WHAT IS BEING ASKED:
Return all of the data exactly, omitting any images.

-- MATERIAL PROVIDED follows --

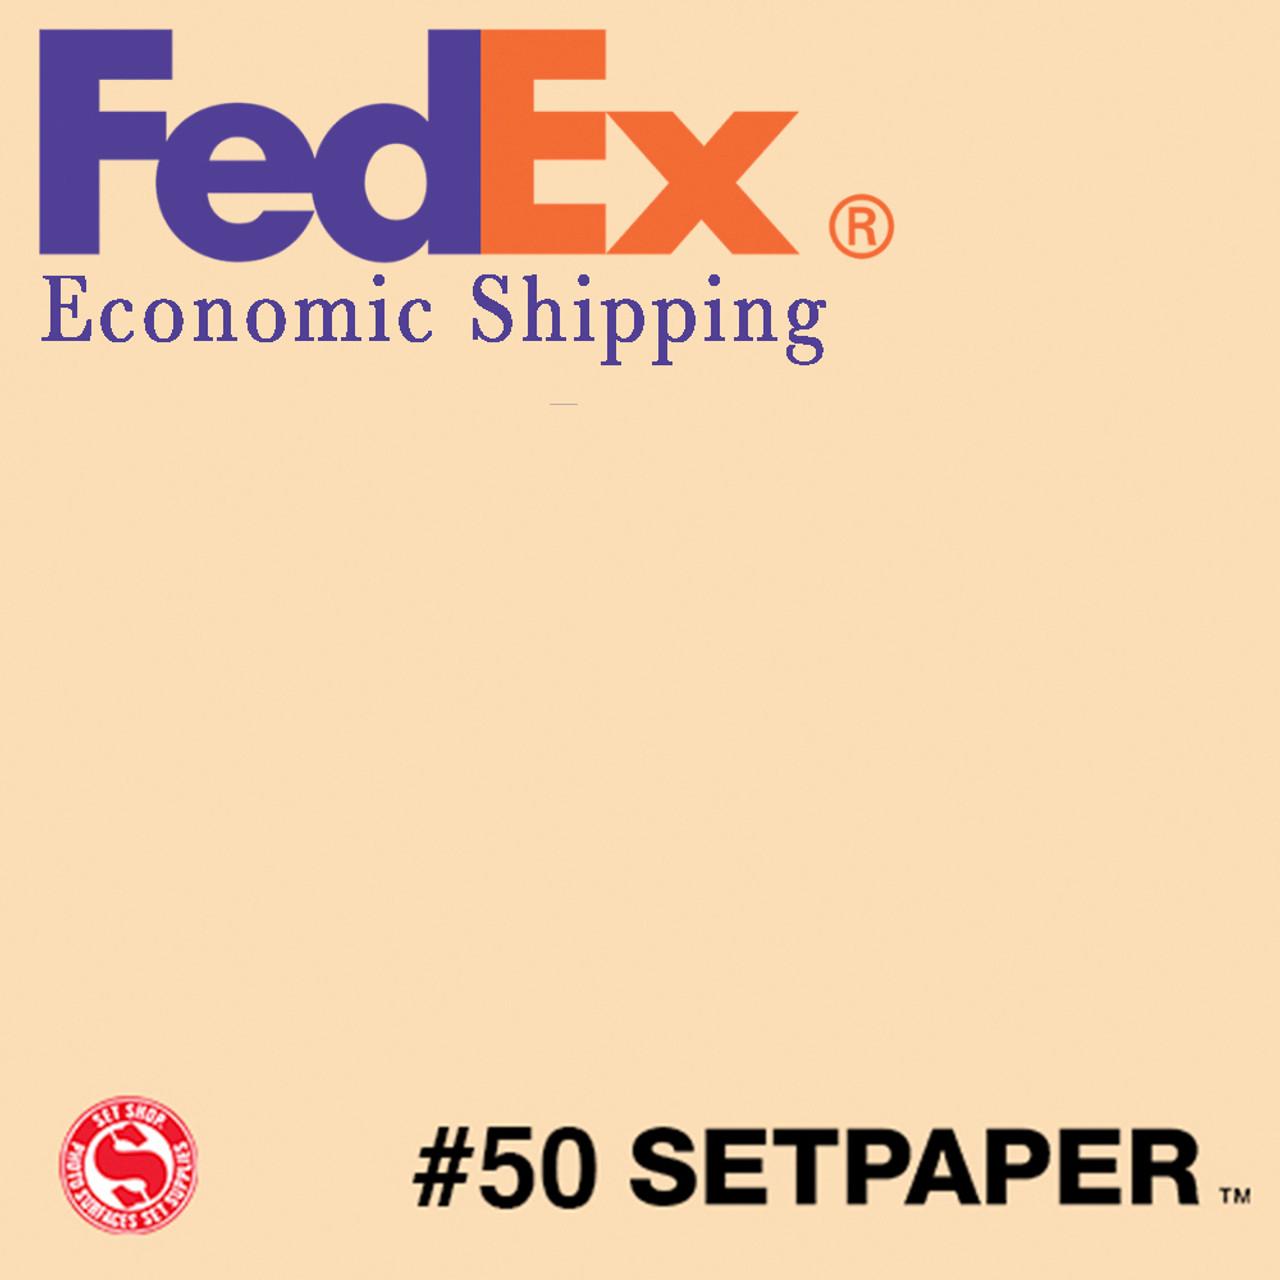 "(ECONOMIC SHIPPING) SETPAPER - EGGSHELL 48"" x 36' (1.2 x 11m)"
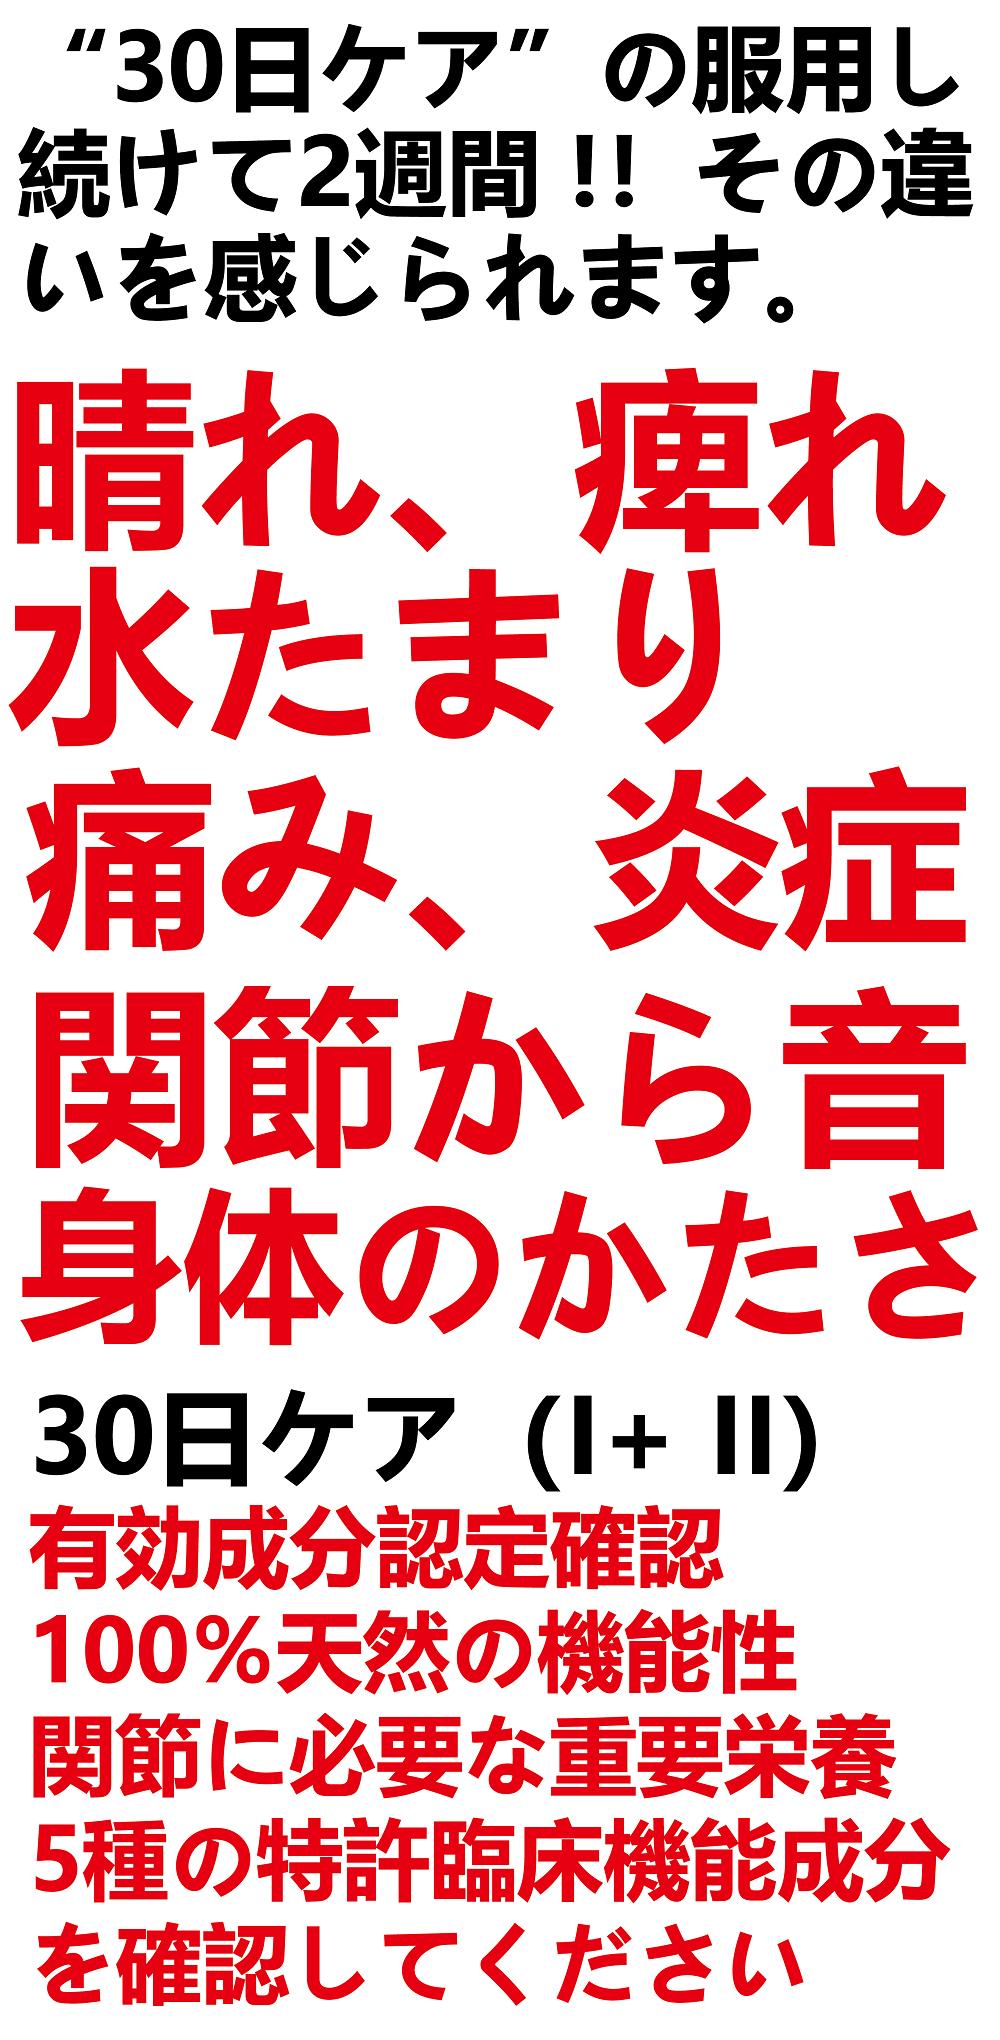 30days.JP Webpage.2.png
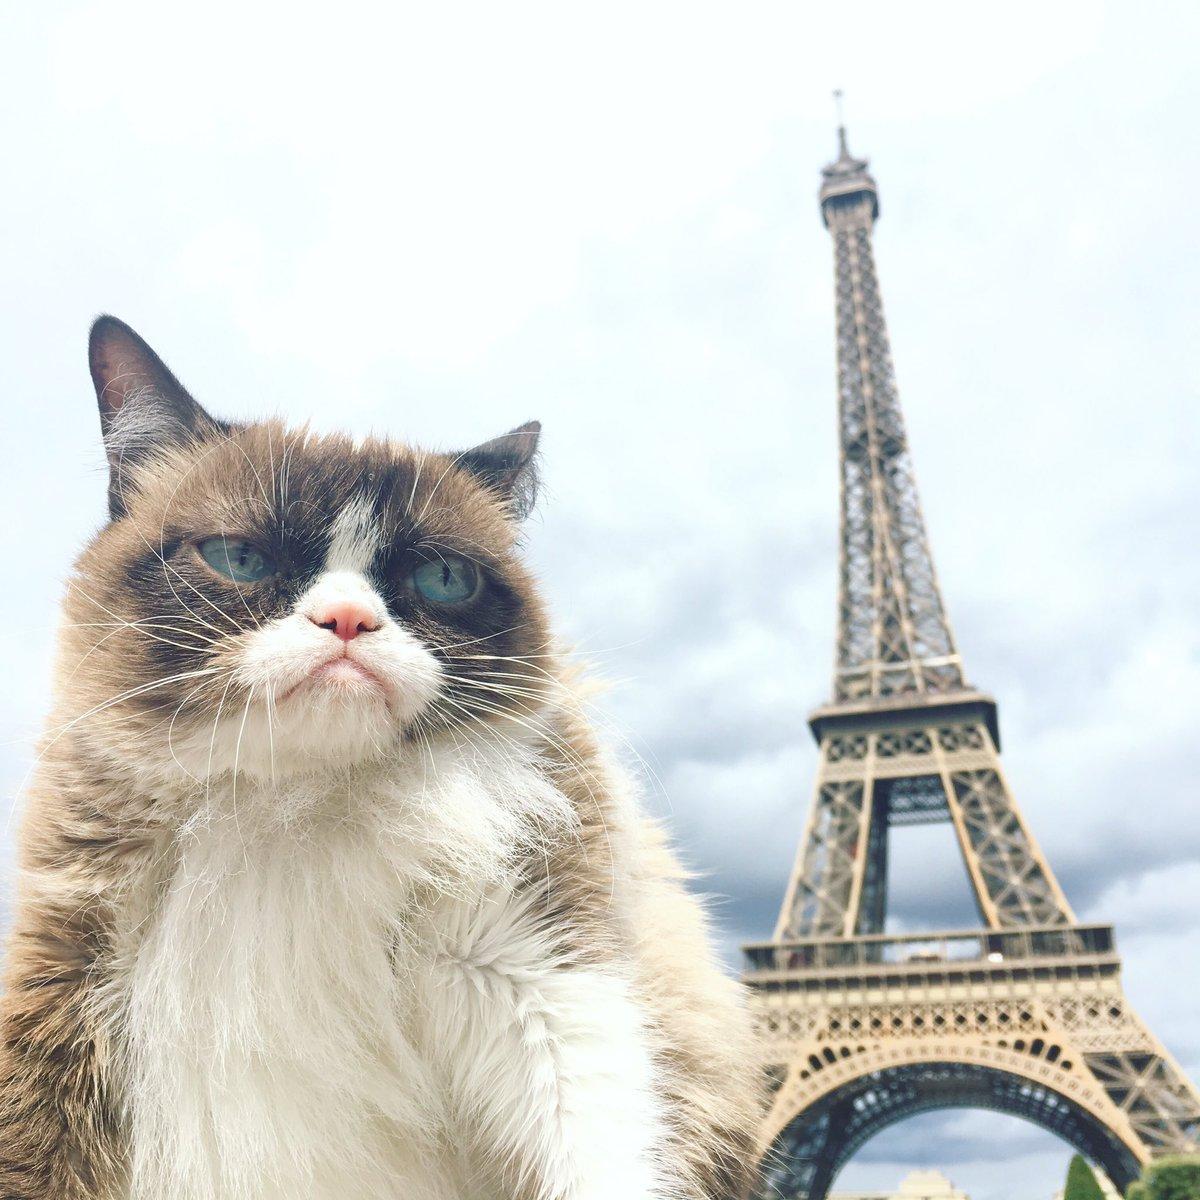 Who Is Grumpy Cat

-- MATERIAL PROVIDED concluded --

TASK ANSWER:
 "(ECONOMIC SHIPPING) SETPAPER - EGGSHELL 48"" x 36' (1.2 x 11m)"
 30days.JP Webpage.2.png
 Who Is Grumpy Cat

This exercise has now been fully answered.